Since it shows the global distribution, an interesting curiosity: some years ago there was the first and only recorded hurricane in the South Atlantic, named Catarina after it hit my state of Santa Catarina in Brazil.

Since "hurricanes don't happen in the South Atlantic", Brazilian meteorologists were sort of ignoring the threat until the USians started calling to warn.

[–] Avalokitesha@programming.dev 2 points 1 month ago

I was wondering about that, there's a second band between Africa and Australia but nothing in the south Atlantic. What's up with that?

[–] will_a113@lemmy.ml 3 points 1 month ago (3 children)

I was under the impression that the number of hurricanes that made landfall had been increasing in recent decades, but the bottom chart suggests it’s about constant. Maybe it’s just the total number of storms then?

[–] will_a113@lemmy.ml 5 points 1 month ago* (last edited 1 month ago)

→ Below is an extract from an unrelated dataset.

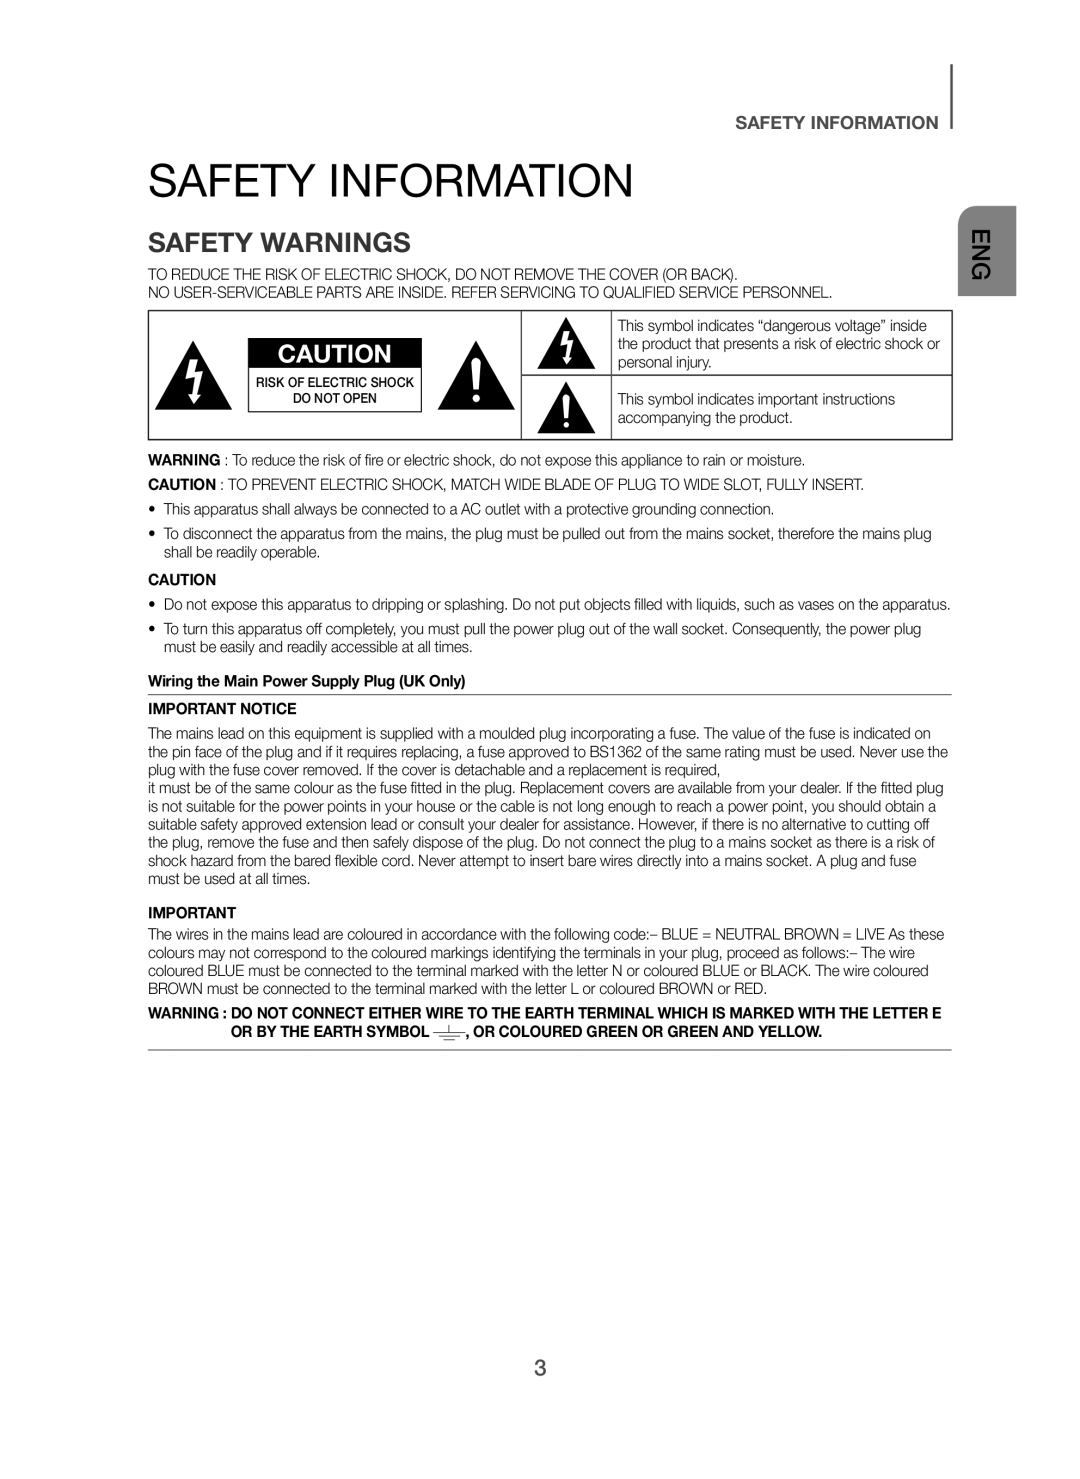 Samsung HW-H450/XN, HW-H450/TK, HW-H450/EN, HW-H450/ZF, HW-H450/XE manual Safety Information, Safety Warnings

I came across this, which shows the actual trend line for hurricanes and tropical storms, including those that did not make landfall - https://www.gfdl.noaa.gov/historical-atlantic-hurricane-and-tropical-storm-records/

[–] Midnitte 2 points 1 month ago

It might be more that the category of storms is increasing (due to warmer waters), which isn't reflected in that chart

[–] MrCamel999@programming.dev 1 points 1 month ago

I was under the same impression, but it might just be that storms are getting more intense, and therefore we remember more of them in recent times.

[–] Midnitte 3 points 1 month ago

Fun fact, the spin of a hurricane (or typhoon) is directed by the Coriolis effect - hurricanes in the northern hemisphere spin counterclockwise, while hurricans in the southern hemisphere spin clockwise.